Thursday 20 July 2017

'Bonus' post - the problems of microfiction.

Here's some gabble up top - microfiction seems to becoming more of a thing. Go to a writers' group or research links and what not and you can see shorter and shorter versions of fiction blooming everywhere, not just flash fiction (1,000 words and under) but drabbles (100 words) and shorter. This was an attempt to get on a website asking for twenty-five word stories. If you get microfiction right, if you get accepted, it's a great, quick way of getting your name known (no one's really paying for this stuff). If your microfiction doesn't get accepted there's not really much you can do with it. You can resubmit novels, short stories, flash fiction and so on, not with this. SO, I'm going to blog it. Enjoy, or don't.
Timing is Everything

I asked Mr Abernathy “is that the guy you want dead?” He said:

“Yes, but could you please wait for dessert before asking me?”

A Short Search

He said “most people underestimate how far they've got to run before they're safe.” So I said:

“Let's check the attic, he's probably there.”

Saturday 8 July 2017

Gregor

As Gregor woke one morning from uneasy dreams he found himself transformed in his bed. His eyes peeled open and cast about, vision was blurry but eventually focused. He was where he had been, in a pile of leaf litter in the bough of a tree, but something was very wrong.
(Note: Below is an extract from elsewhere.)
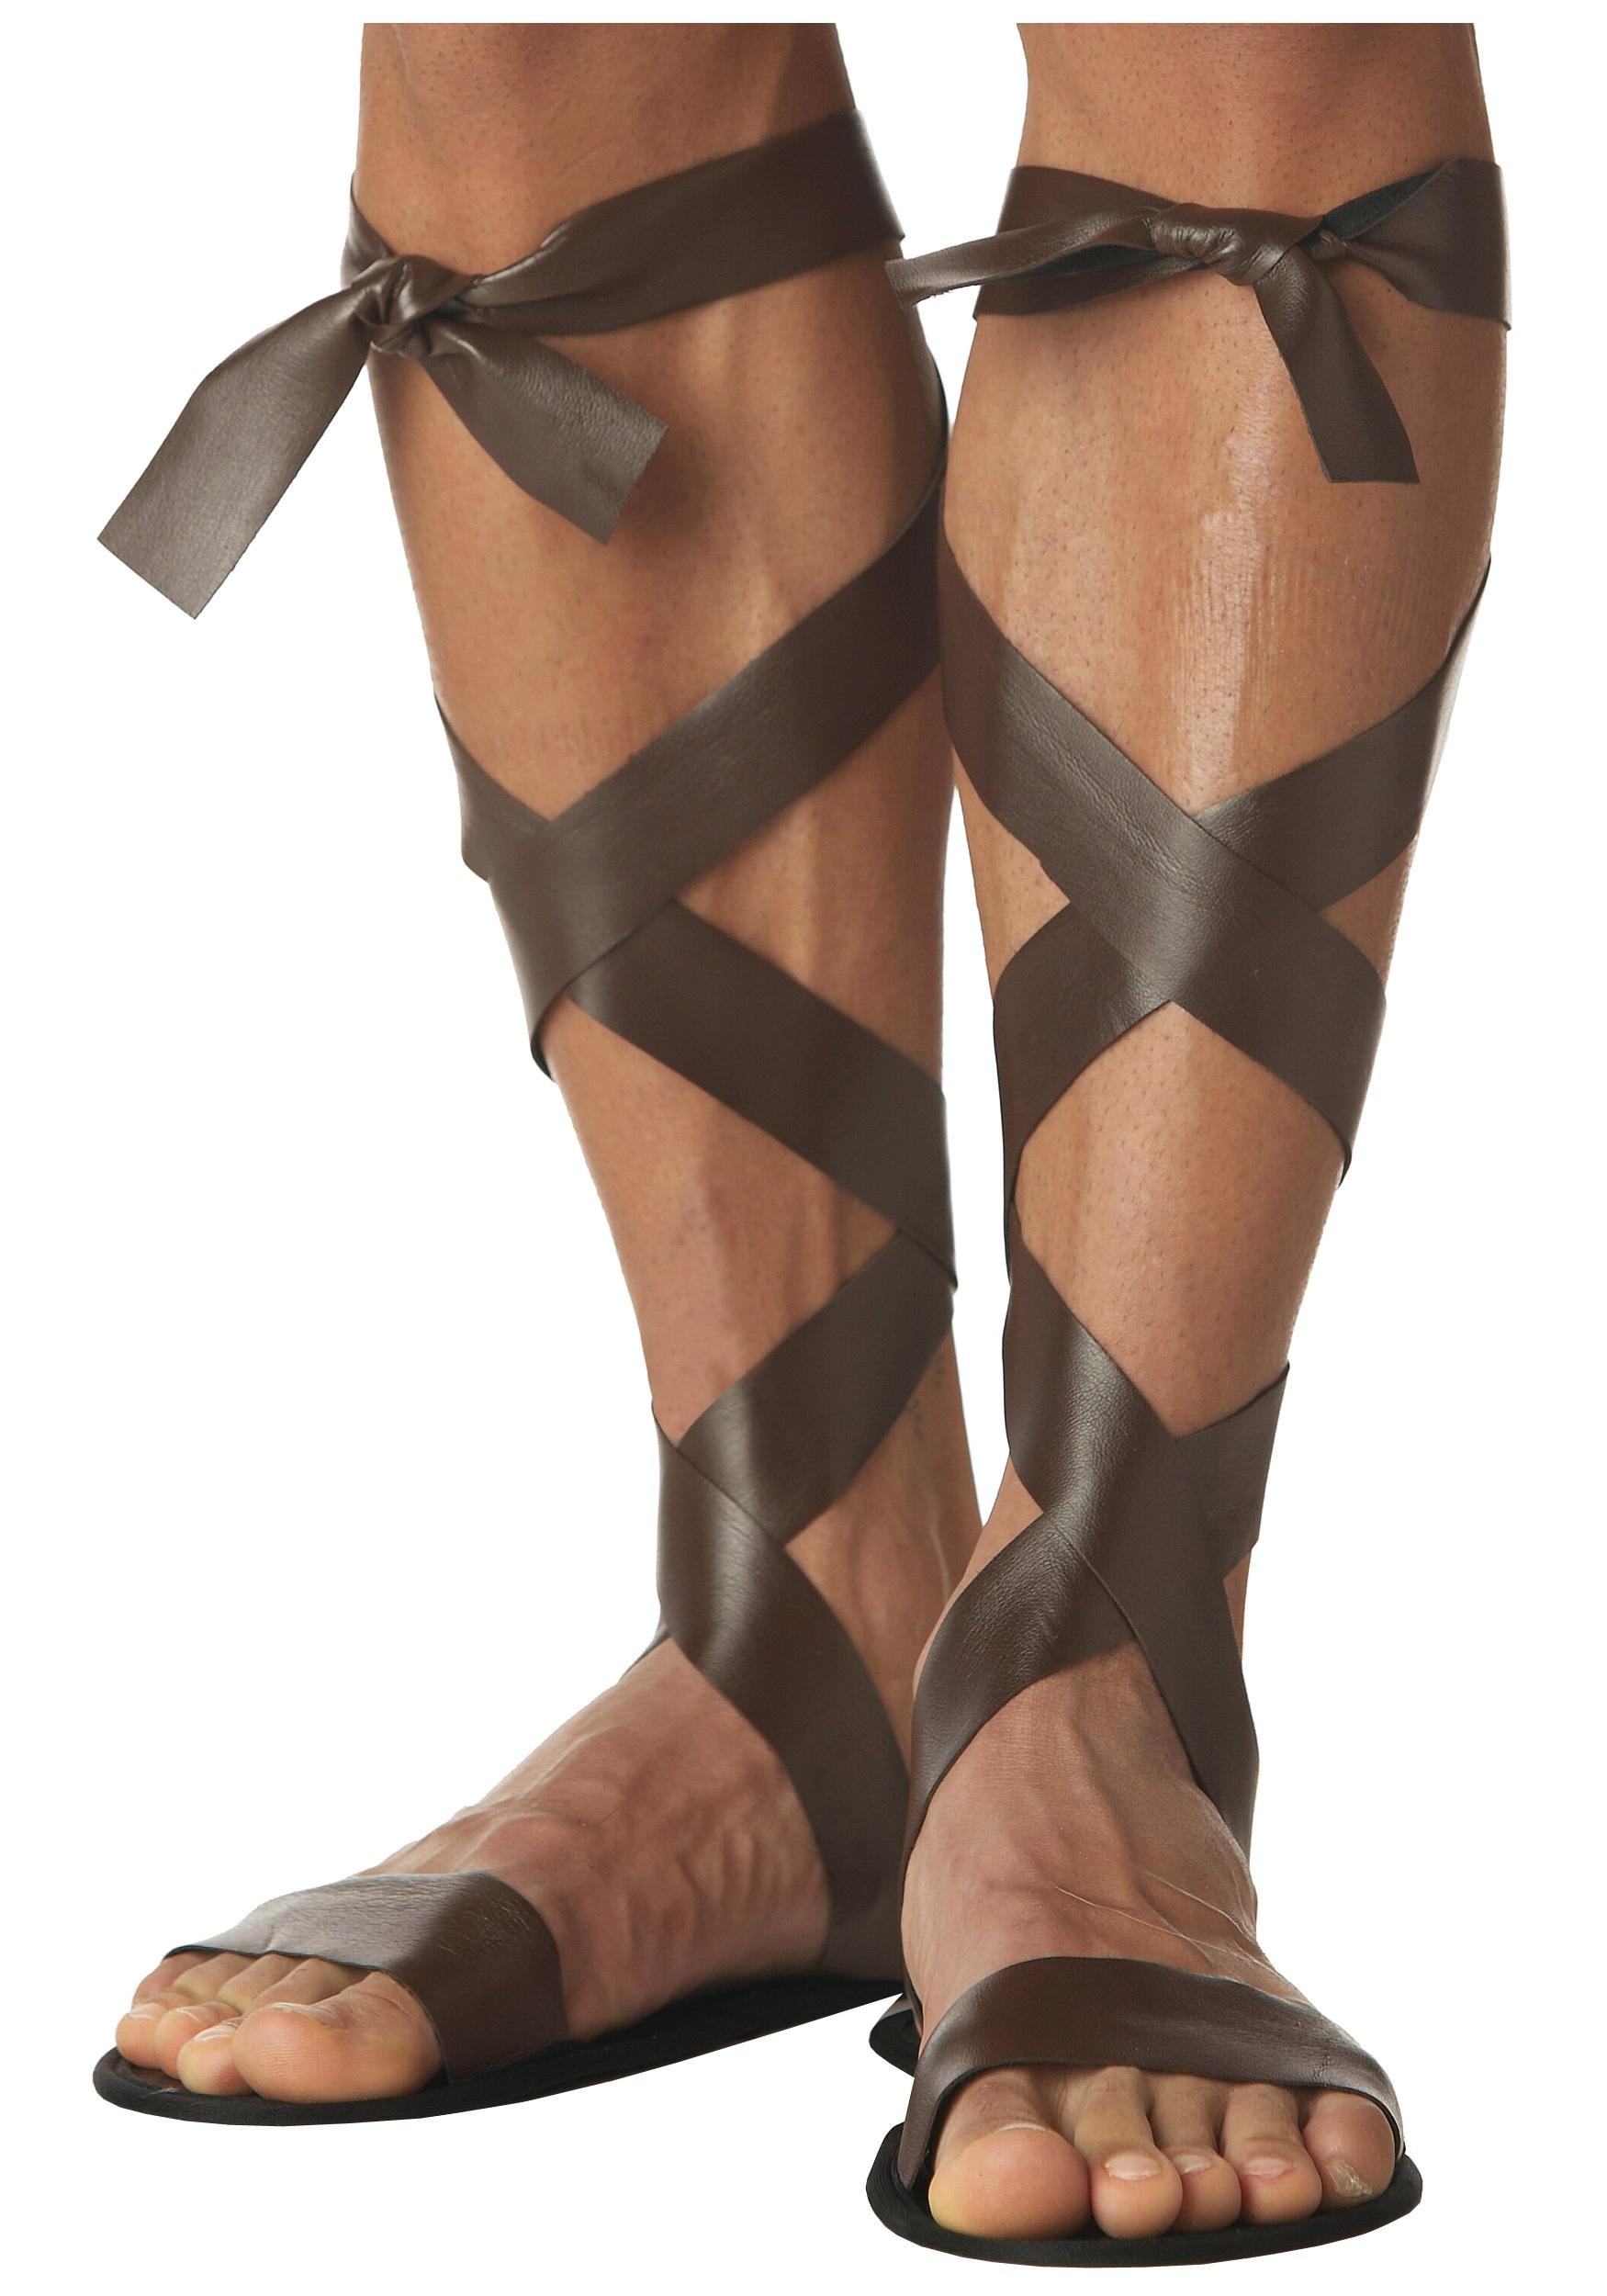 Ancient Warrior Sandals Roman Soldier Costume Accessories

He wheeled his limbs about, gaining no traction until he toppled onto his front. Gregor had become enormous. He collapsed under his own weight, face down. His weirdly stunted proboscis was funnelled into the Earth but, stranger still, he smelled almost nothing. The chemical silence was deafening. He hauled himself up on his limbs again: “urgh!” he exclaimed, grunting with effort. The sound shocked him. He’d never made that noise before.

Gregor began crawling around on the forest floor. Where was everybody? Questions rattled around his mind. What was going on? His mind that was once a simple relay was a now a tangled warren of pathways that set off a clashing torrent of thoughts and feelings. Where was he? He felt what he later realised was, a combination of fear, abandonment and deep revulsion. What was he?

He was heavy and large and covered in a strange, soft dermis. His pincers were digits. His carapace was missing along a pair of legs. Gregor tried to climb a tree but the friction was gone. He felt hungry. He tried eating sap, then fungus, then a handful of leaves but these things tasted foul to him. Eventually there was nothing left to do except curl up in a ball to retain heat.

Sometime later his feelings simplified to terror when he found three ape-creatures standing over him on their hind legs. Two of them were tall, one of them was short. They made noises at him; sharp noises that made him cover his ears. He realised later they were trying to communicate with him. More ape-creatures came and two of them managed to pick Gregor up. They wanted him to stand like they were doing. They were also keen to cover him in a pelt a bit like the ones they were wearing. He fell down a few times and the pelt kept slipping off but they were eventually satisfied. They took him slowly, out of the wood and put him in a box. The box started moving. Gregor felt queasy. He would have been sick but there was nothing to regurgitate. He eventually passed out.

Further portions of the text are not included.